Harvard Climate Seminar: Sukyoung Lee

Date: 

Wednesday, April 18, 2018, 12:00pm

Location: 

HUCE MCZ 440
Sukyoung Lee
Professor of Meteorology
Penn State University
Department of Meteorology and Atmospheric Science
 

Tropically Excited Arctic warMing (TEAM) mechanism: A Theory based on a General Circulation Perspective

Records of past climates show a wide range of values of the equator-to-pole temperature gradient, with an apparent universal relationship between the temperature gradient and the global-mean temperature: relative to a reference climate, if the global-mean temperature is higher (lower), the greatest warming (cooling) occurs at polar regions.

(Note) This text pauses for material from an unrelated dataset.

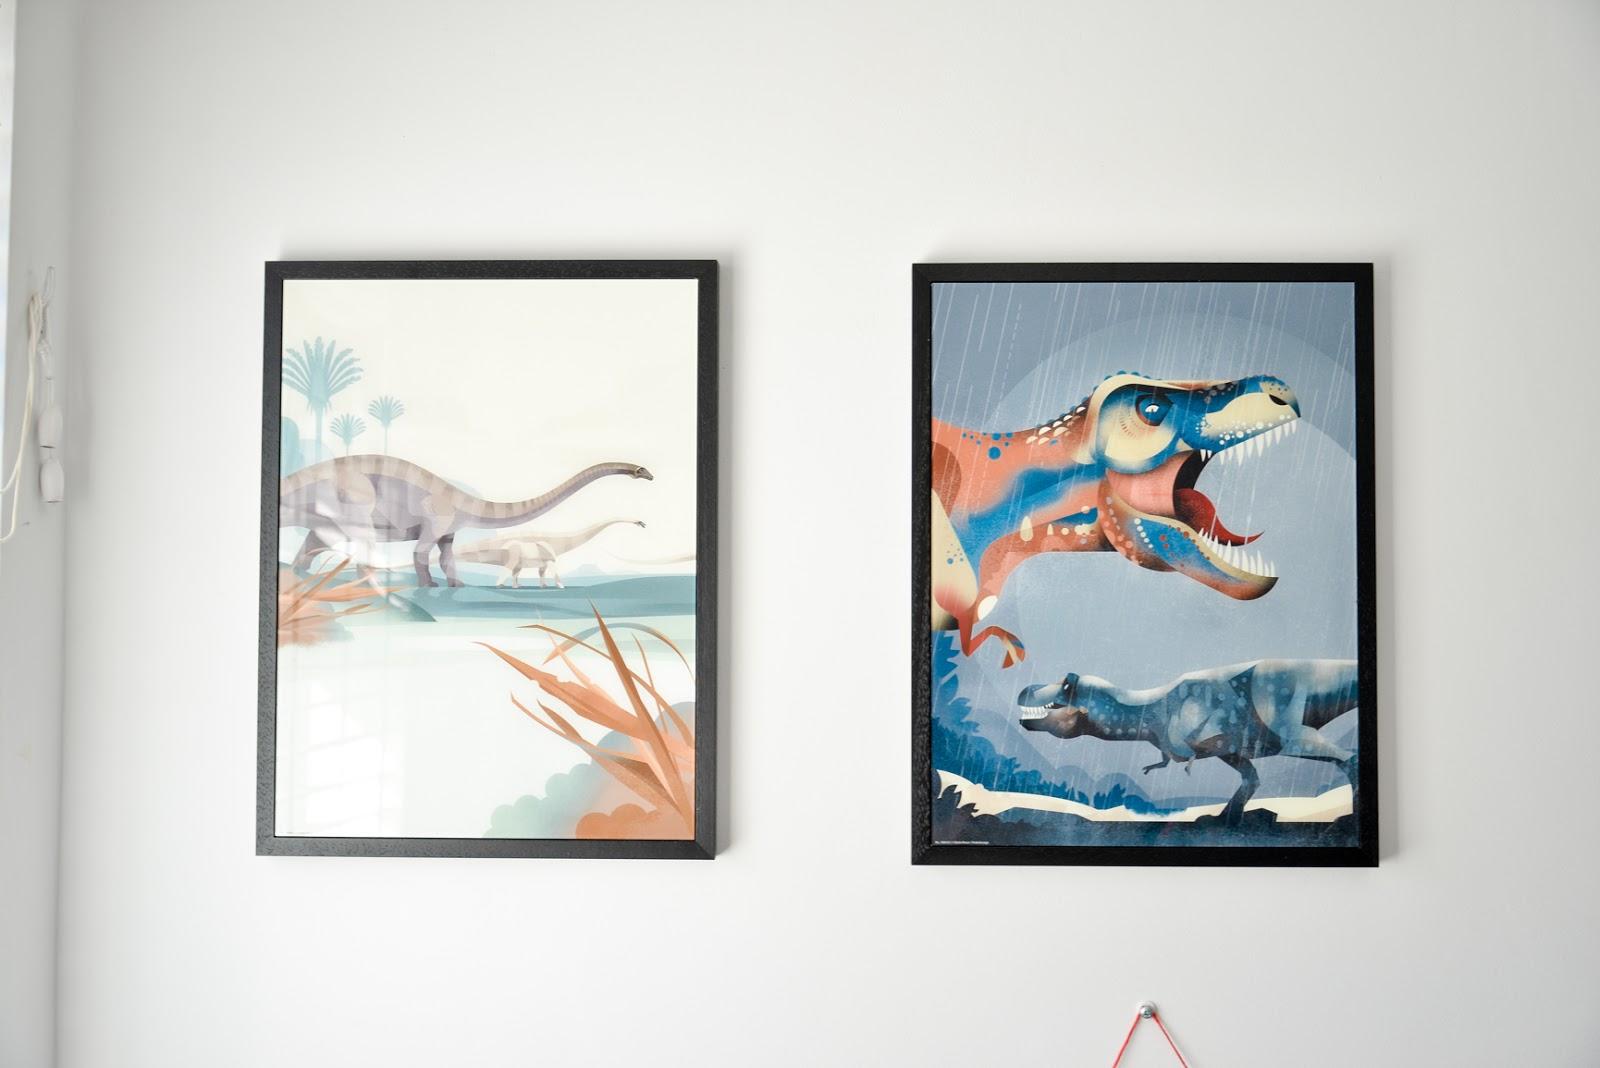 dinosaur frames, dinosaur posters, dinosaur prints,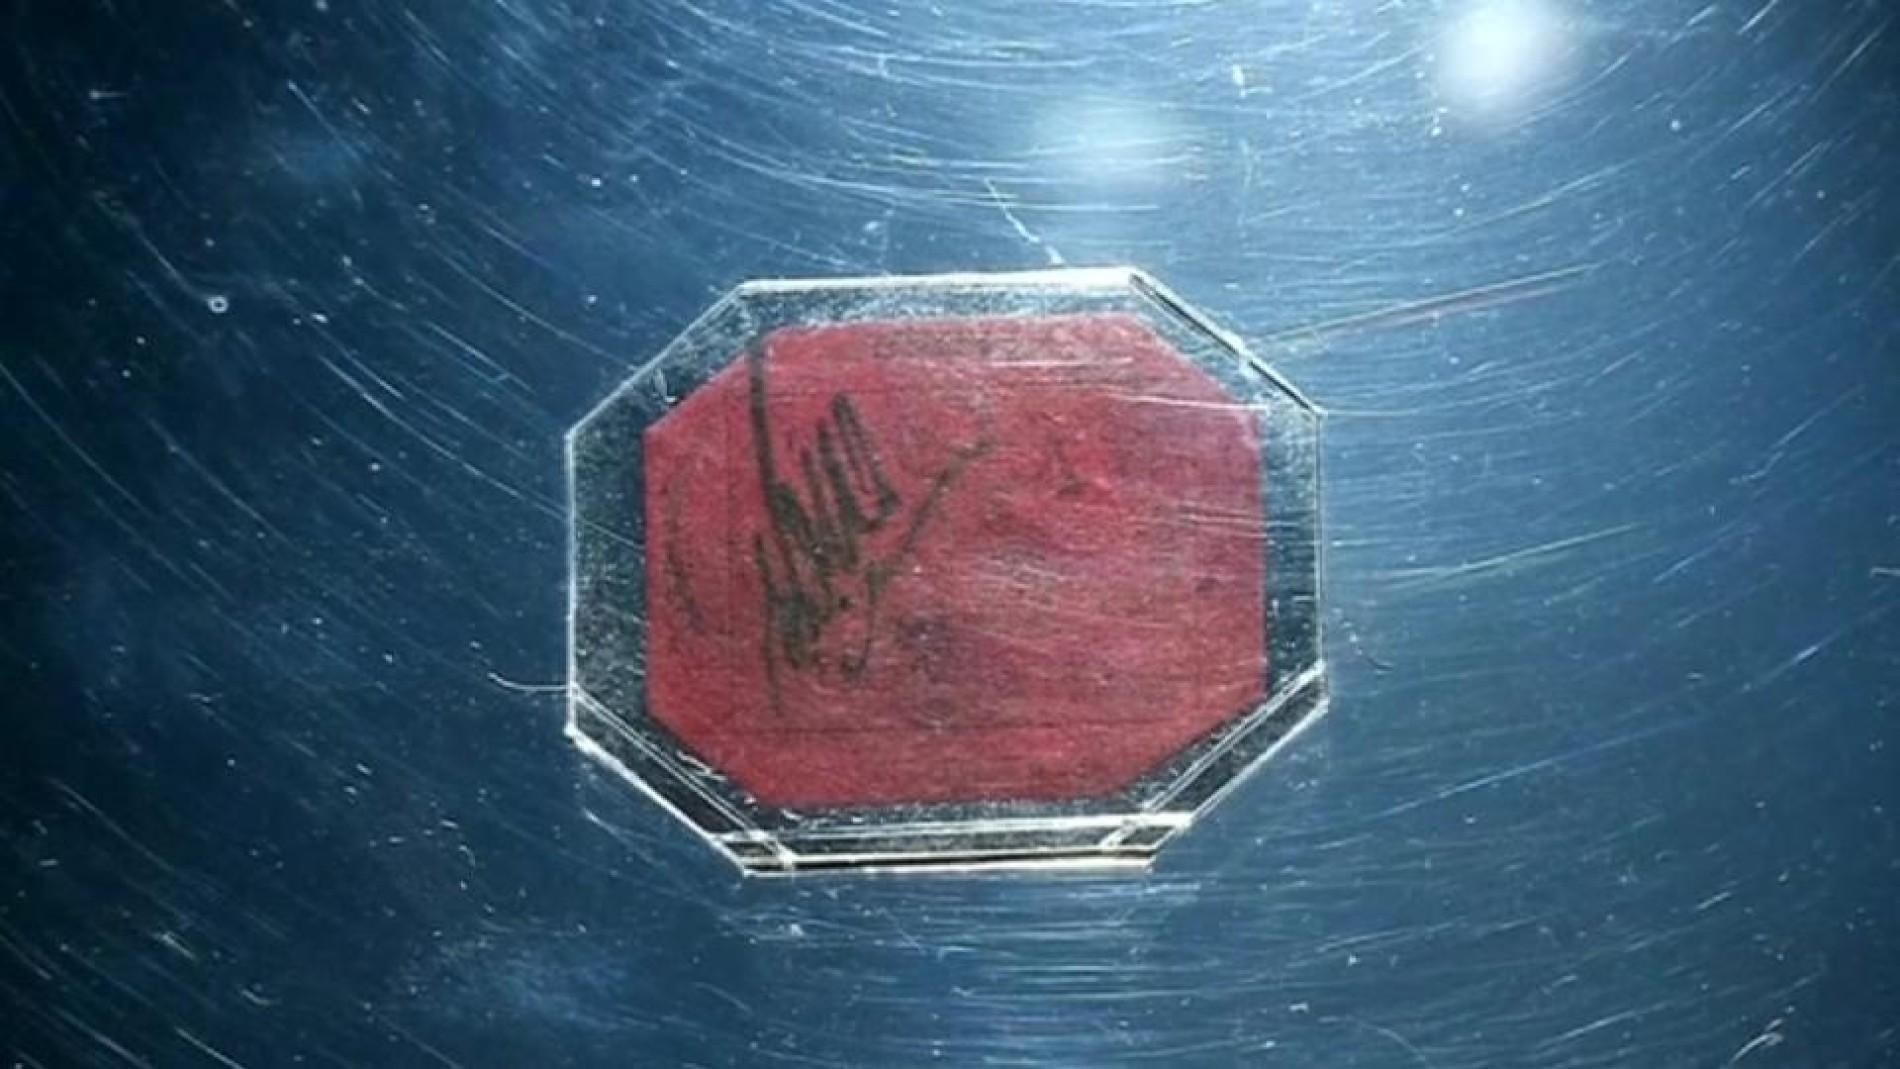 New York Teuerste Briefmarke Der Welt Versteigert Gesellschaft Faz

Understanding this equator-to-pole temperature gradient is fundamental to climate and the general circulation. Here, a general-circulation-based theory for polar amplification is presented. Recognizing the fact that most of the zonal available potential energy (ZAPE) in the atmosphere is untapped, this theory states that La-Niña-like tropical heating can help tap ZAPE and warm the Arctic by exciting poleward and upward propagating Rossby waves that reinforce the climatological stationary waves.

This theory is supported by observation-based data and idealized model experiments. The theory is also supported by the ongoing multi-decadal trend in the convective precipitation which shows a steady increase over the western tropical Pacific. In contrast, most climate models predict an El-Niño-like response to greenhouse-gas warming. Discrepancies between climate models and the observations are often attributed to internal variability. However, evidence will be presented wherein the models are predicting an El-Niño-like response to greenhouse-gas warming at least in part because the convective parameterizations in climate models overpredict warming in the tropical upper troposphere. The climate models also predict Arctic warming, but the models’ Arctic warming is impacted by the warm bias in the models’ tropics.

It is widely accepted that the primary mechanism for Arctic amplification is ice-albedo feedback and resultant sea-ice decline, but observations lend little support to this mechanism. Instead, energy flux from lower latitudes by Rossby waves plays the key role in warming the Arctic and melting the sea ice.